ME4ME wrote:pciarro wrote:
And new specs of fuel and rear suspension.
Should make them fastest on the grid. If true. If tyre issues are fixed. Probably not.
Well it also depends on what other teams do.
Still, power unit development trends do seem to be echoed in this formula, with Ferrari and Renault just one and two years behind Mercedes respectively: Ferrari are now at the point of making a token free reliability upgrade in Canada to fix a problem that has not allowed them to extract the maximum from their PU (just like Mercedes last year ); Renault have increased resource having not initially invested sufficiently and are now making big strides via fixes to initial fundamental flaws (just like Ferrari last year).
Whether or not one manufacturer can bridge the year's worth of 'gap', I am not sure (until next year when everyone can essentially start again if they want), but learnings from others seem to mean the relative differences on package performance is decreasing each year.

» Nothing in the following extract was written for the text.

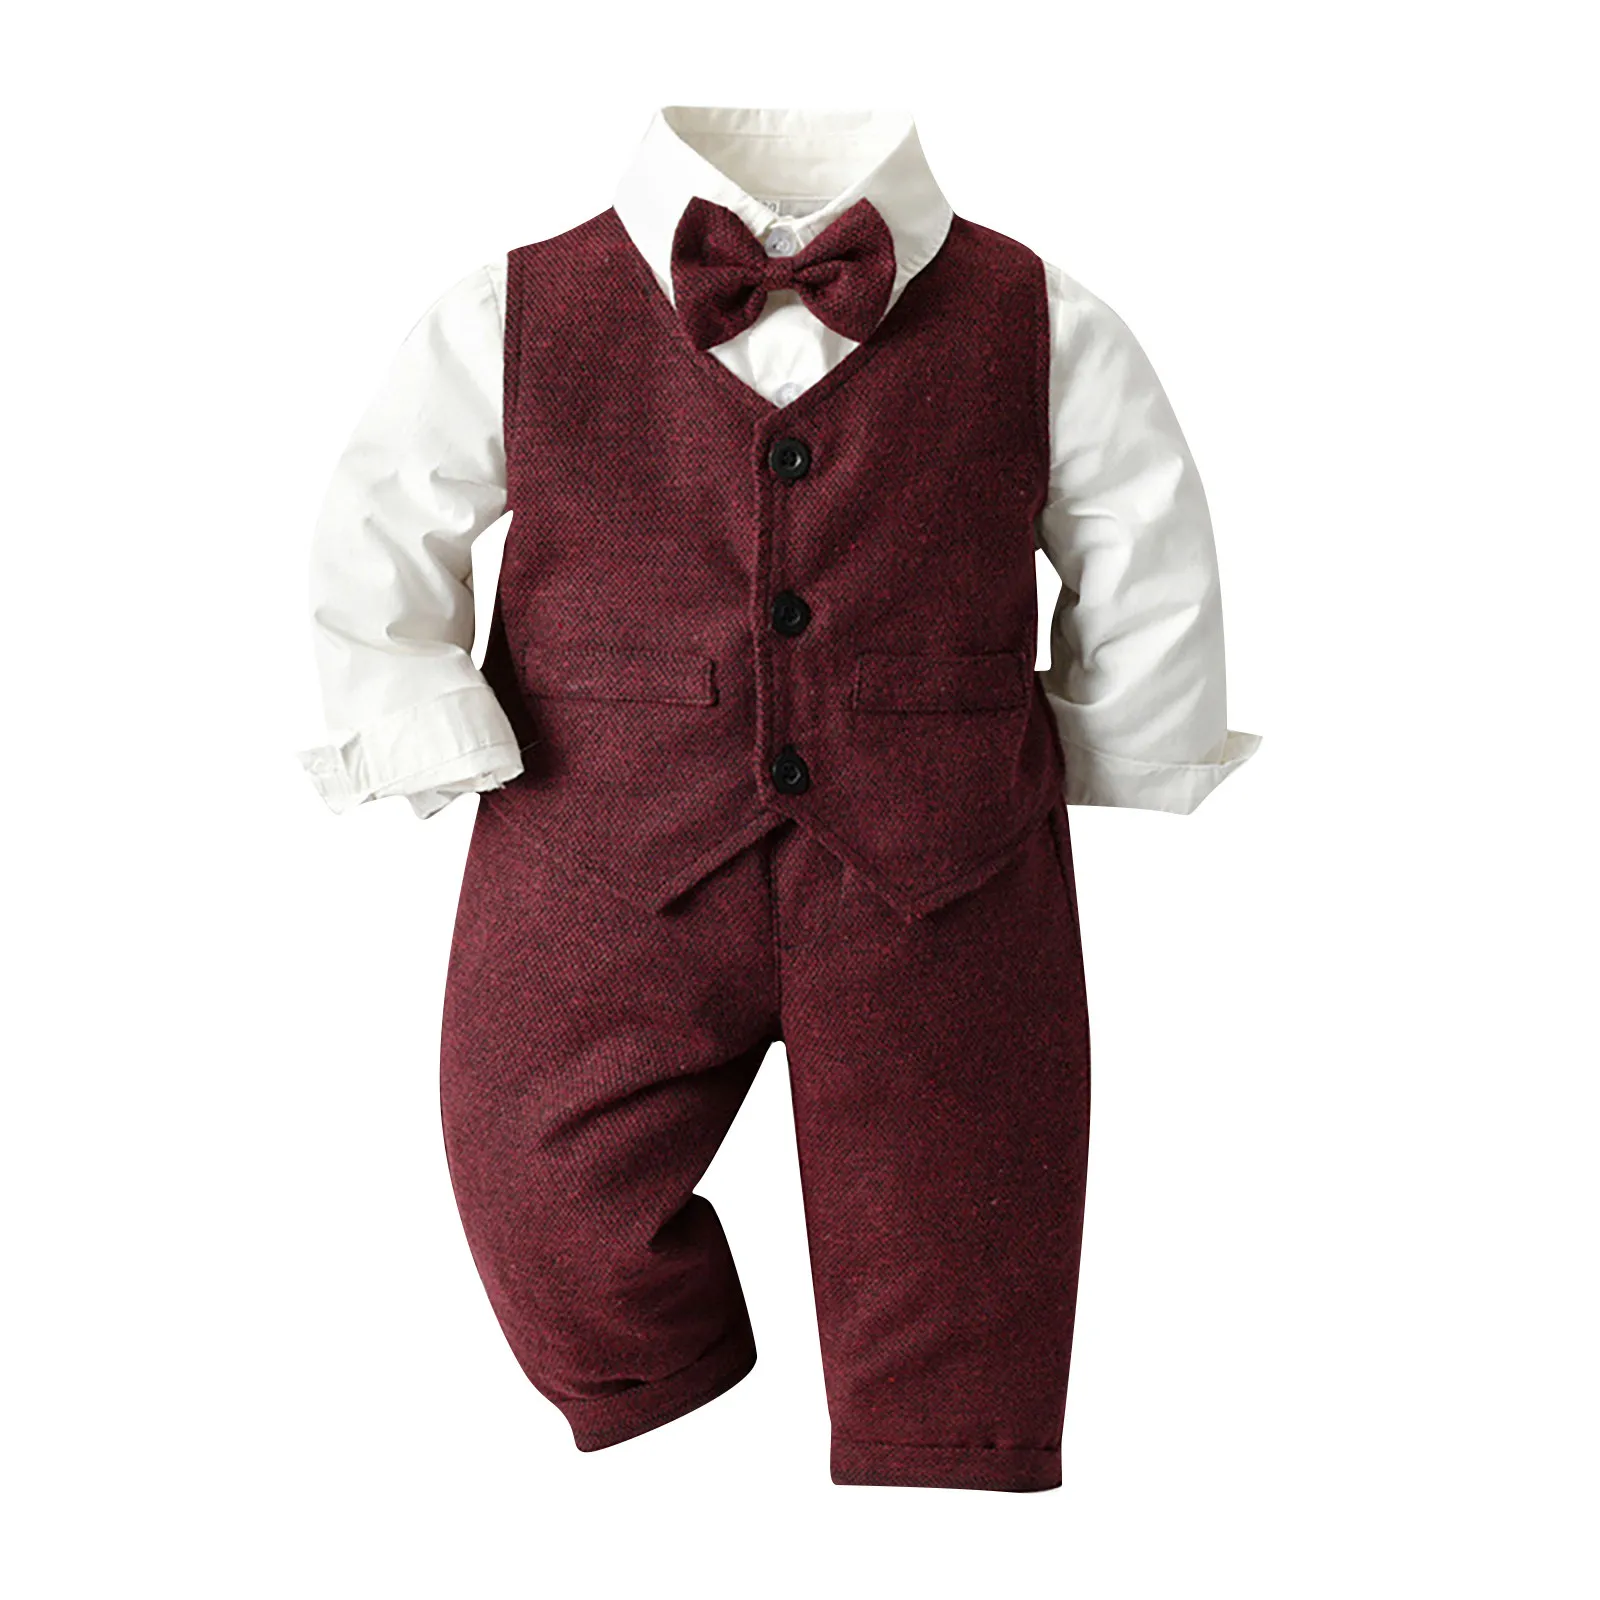 

Gentleman Outfits Autumn Childrens Sets Christmas Baby Boys Business Suit Shirt+Vast+Pants Sets For Boys Formal Party 1 to 6 Age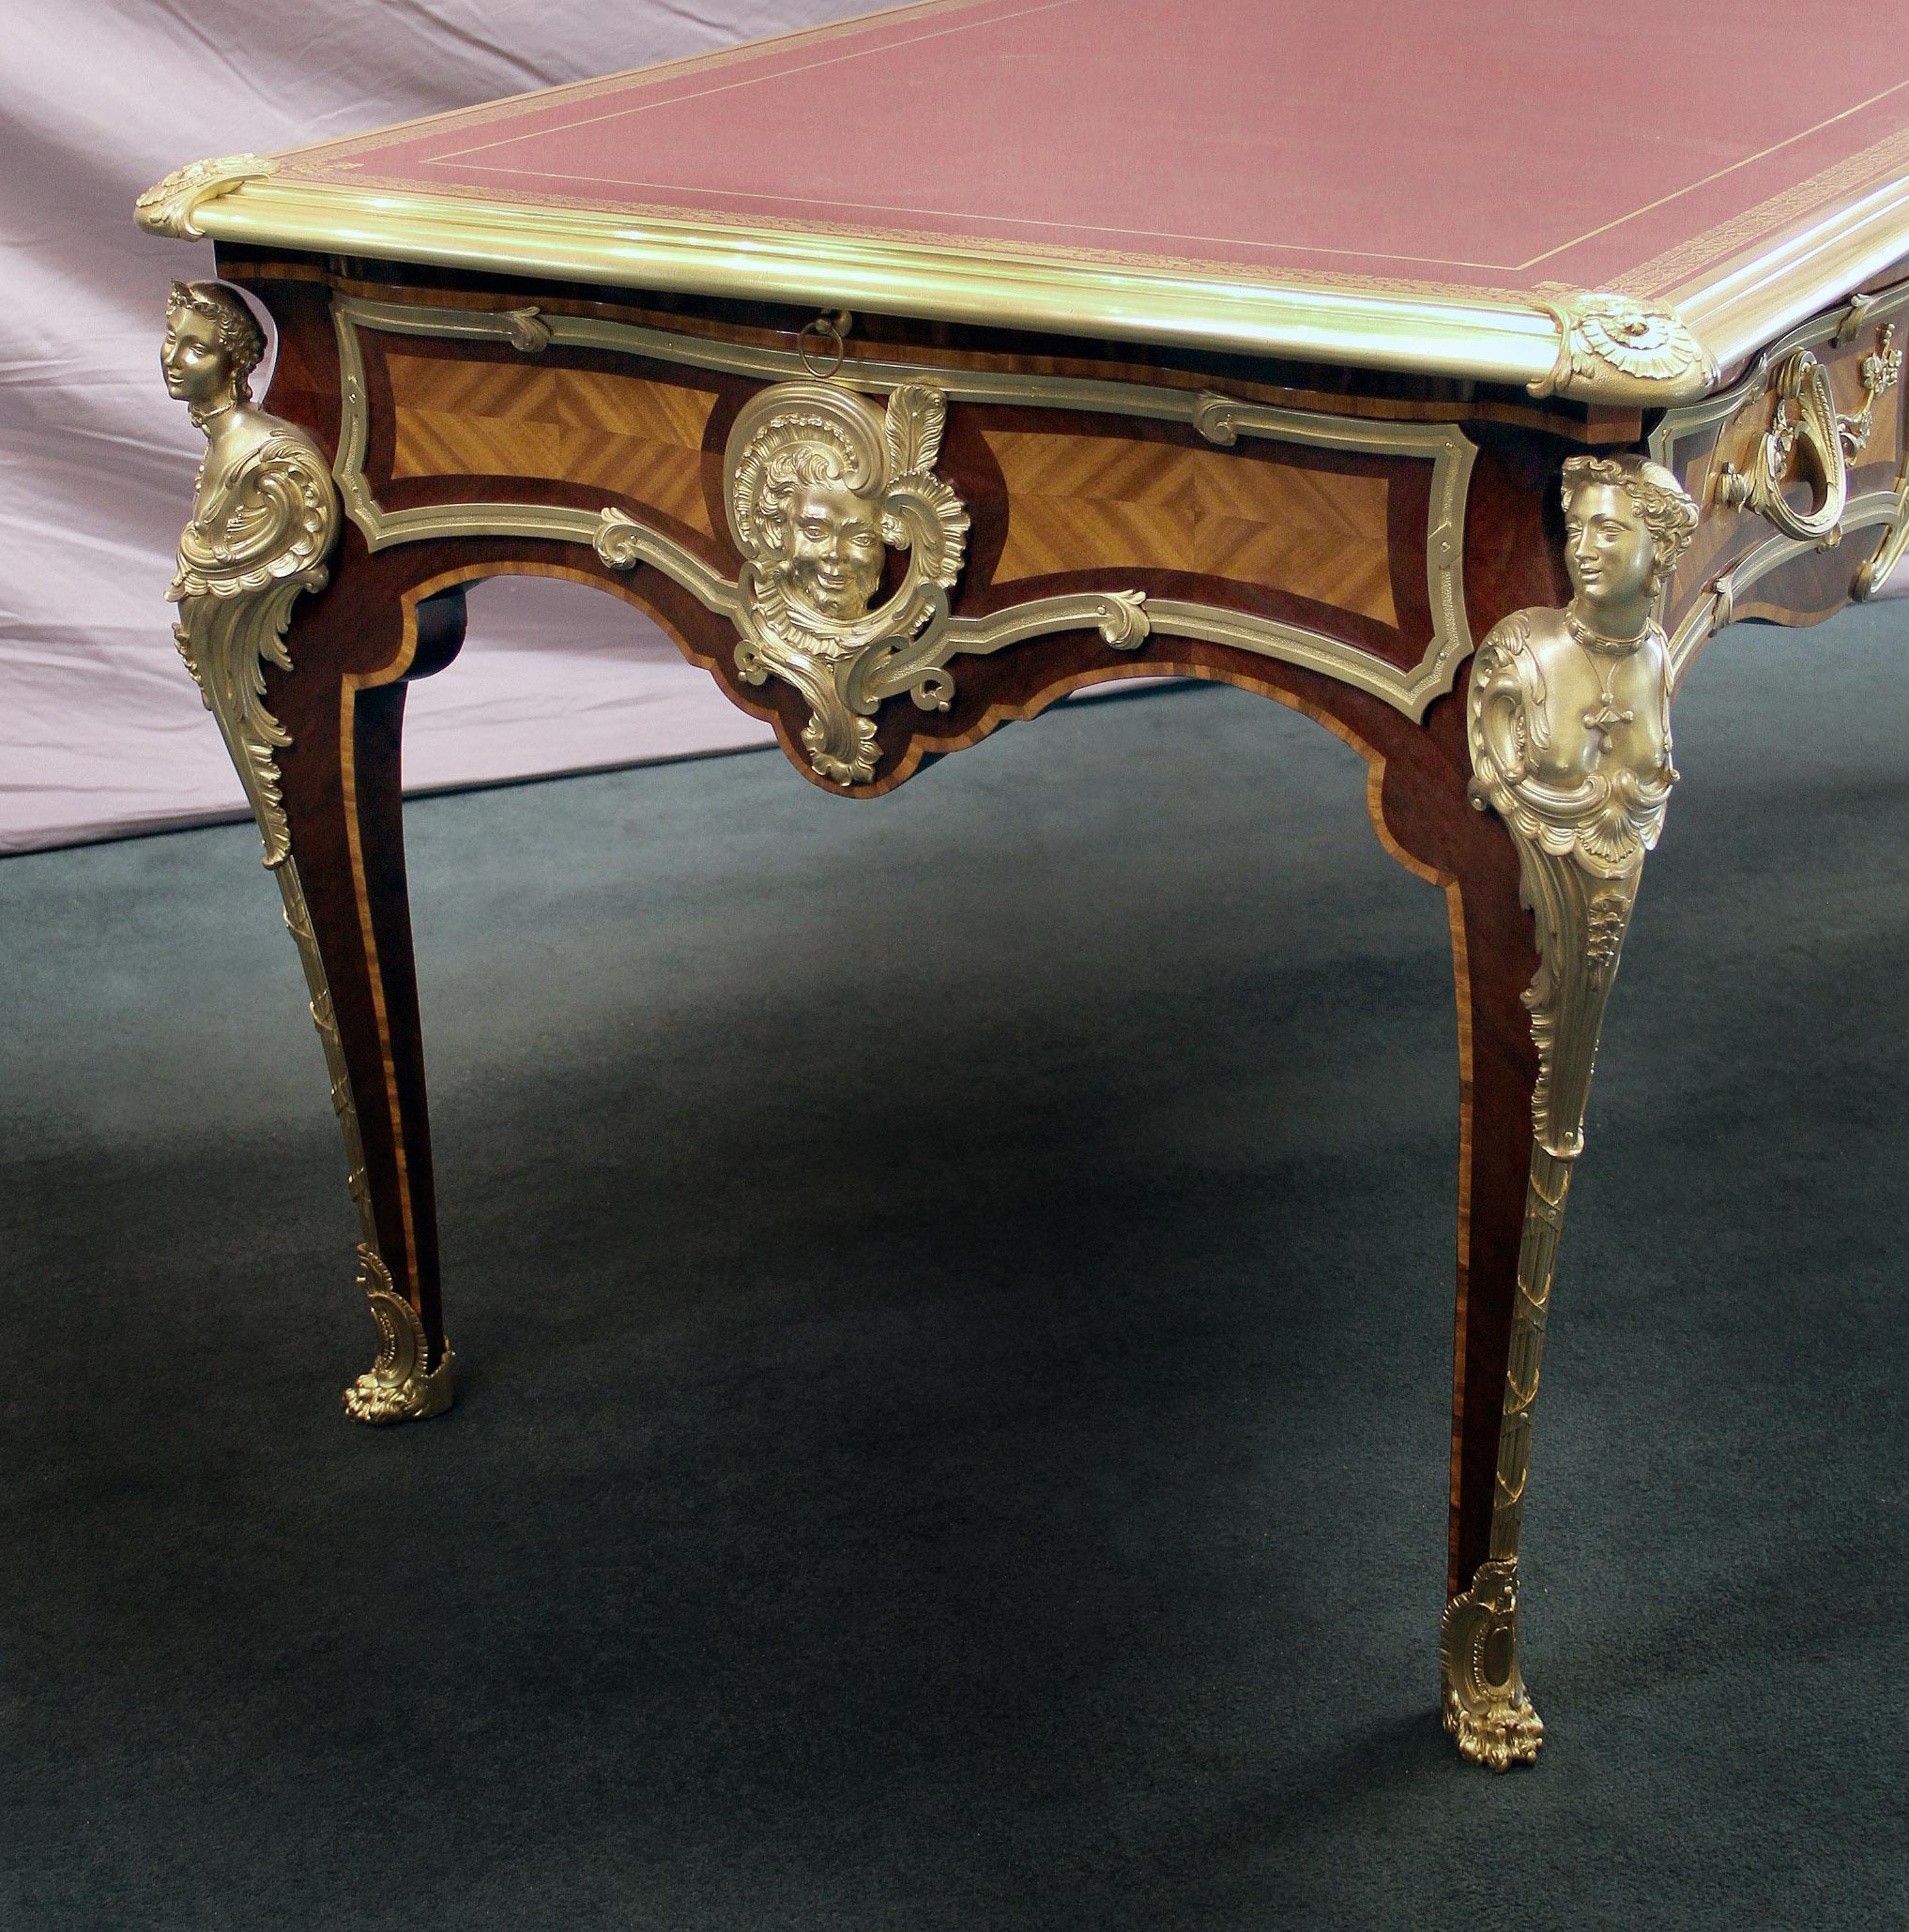 French Late 19th Century Gilt Bronze Mounted Parquetry Bureau Plat After Cressent For Sale

Subjectively, I still think the Ferrari package shows plenty of potential but has a tyre usage issue which has contrived with other things to limit positive results (with wins in Australia and Spain we might think differently); but a slightly deeper dive into practice and race pace shows the pace is reasonably strong even without the turbo fix. With it, and having actually closed to the leader in recent races, I'd suggest there is still reason to believe the season could be worthwhile.